Pivotally mounted within the center sill and between the floating lever and the dropped bottom is a vertical lever having its upper end within the center sill and connected to the floating lever intermediate the ends of the latter by a center rod. The lower end of the vertical lever is connected by a conventional hook and eye brake rigging arrangement with the usual car body supported brake beams in an under the axle application that is anchored at the outer end of the stub center sill.

The slack adjuster trigger lever is applied to the stub center sill in overlying relation to the floating adjusting lever for connection to the adjuster trigger rod at the end of the trigger lever that projects exteriorily of the center sill for that purpose. The other or inner end of the trigger lever rides in the usual differential movement providing control bracket that in this instance is fixed within the center sill, while the trigger lever is pivotally connected intermediate its end to the floating lever at the pivot axis that the aforementioned center rod makes therewith.

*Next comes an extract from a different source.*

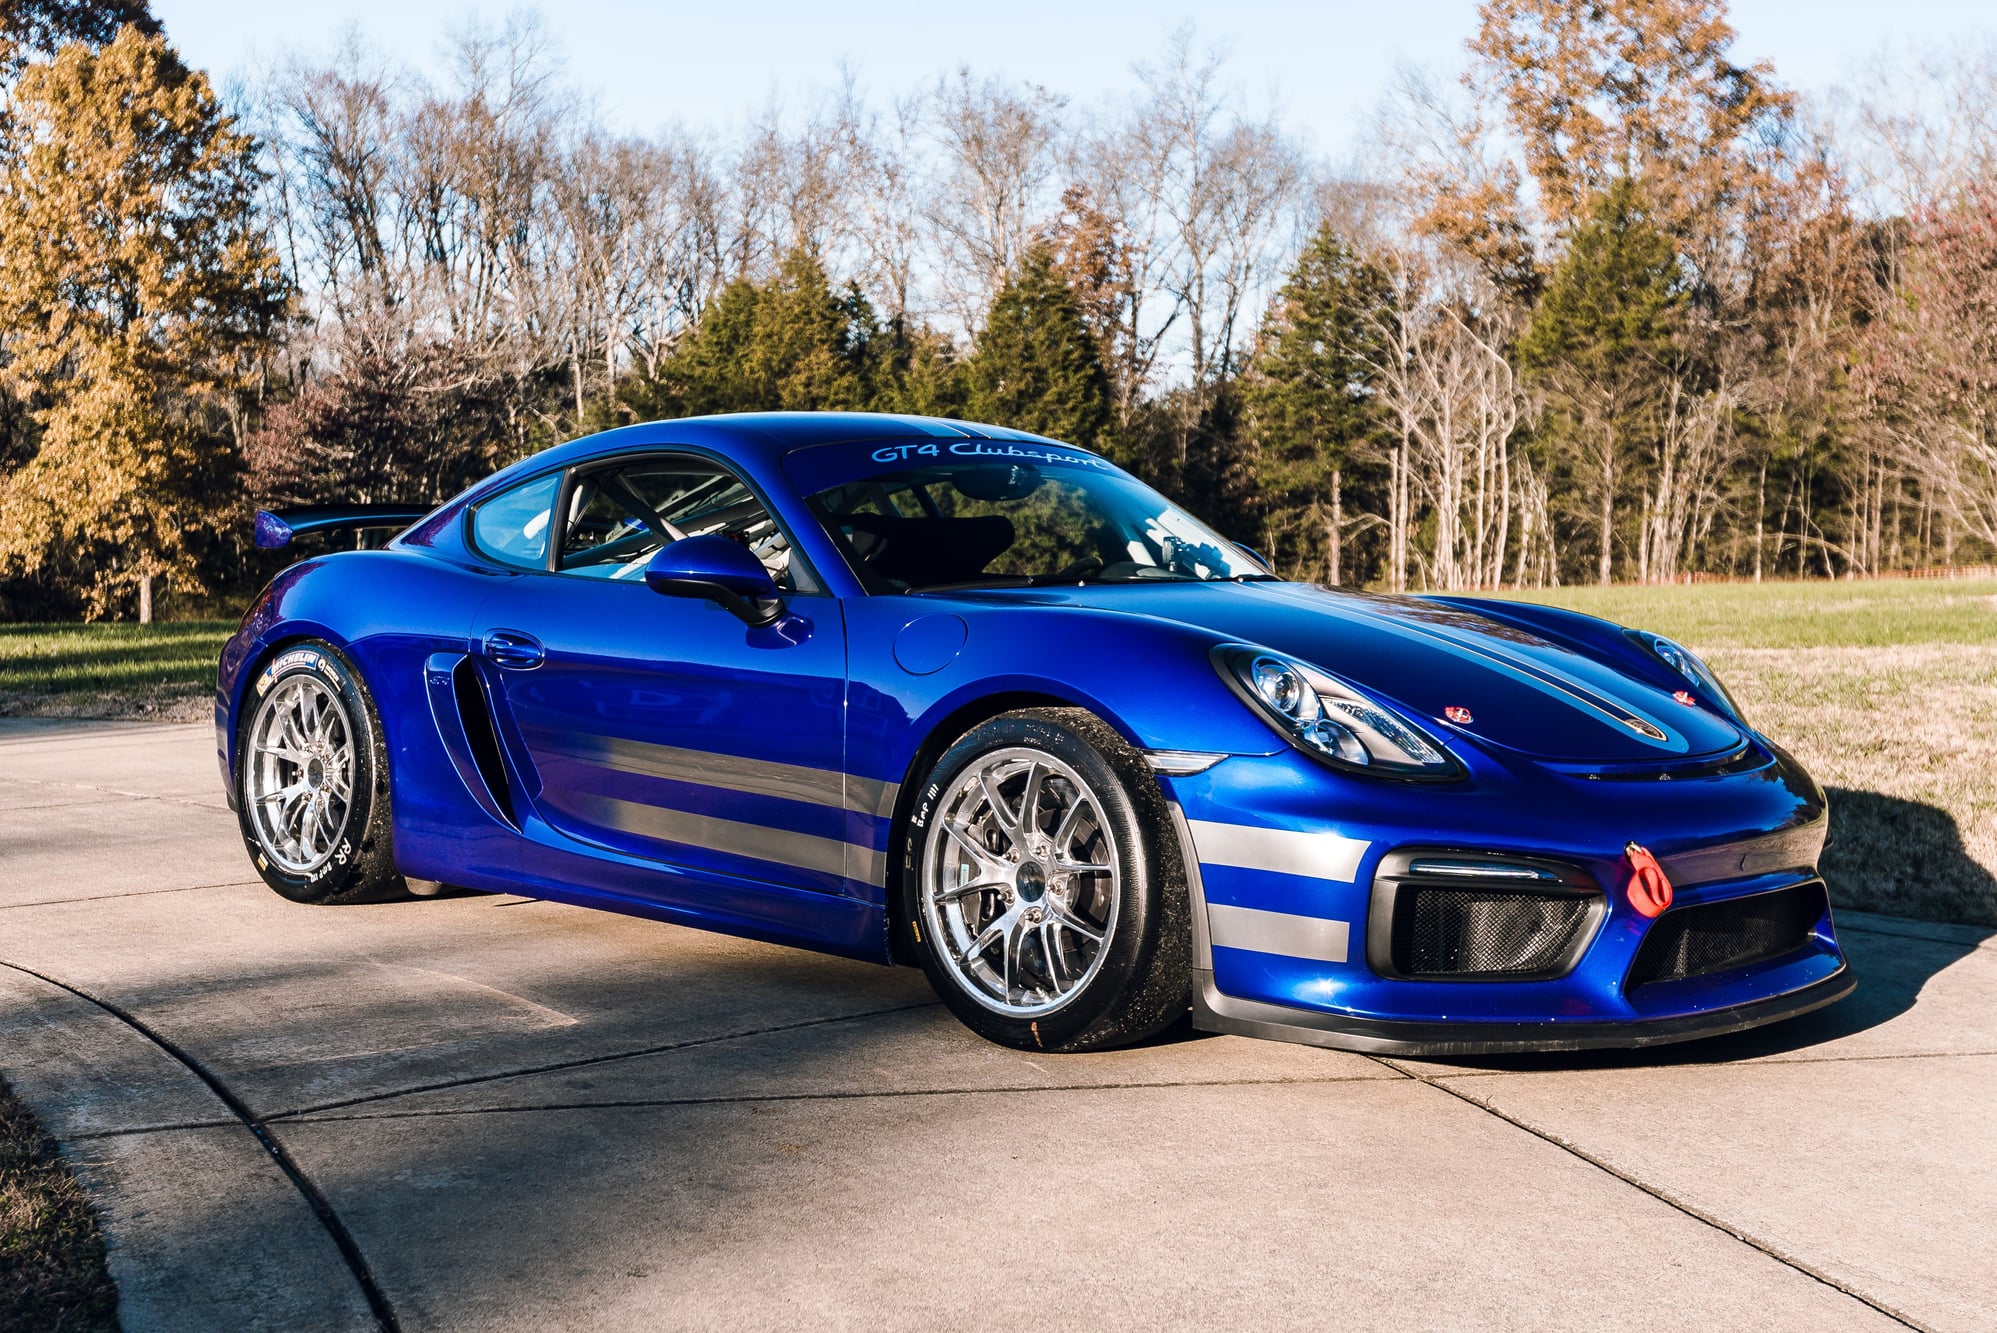 2016 Porsche Cayman GT4 - 2016 Cayman GT4 Clubsport - Used - VIN WP0AB2A88CS793247 - 1,146 Miles - 6 cyl - 2WD - Automatic - Coupe - Blue - Franklin, TN 37064, United States

The result is that thrust forces provided by the brake cylinder on actuation of same operate longitudinally of the center sill, with the thrust force provided by the brake cylinder thrust rod being directed toward the body bolster at that end of the car, which force is transmitted by a cylinder lever to the adjusting lever to in turn apply thrust forces operating in the same direction on the upper end of the vertical lever that translates the thrust forces to move in the opposite direction in actuating the conventional hook and eye brake operating linkage of the under the axle type that is employed to transmit the braking forces to the brake shoes. During each braking stroke, the slack adjuster shifts the adjusting lever fulcrum forming connection to the slack adjuster toward and away from the body bolster at that end of the car to adjust rigging slack for brake shoe wear, loss, and replacement.

Provision is also made for setting of the brakes with the usual hand brake.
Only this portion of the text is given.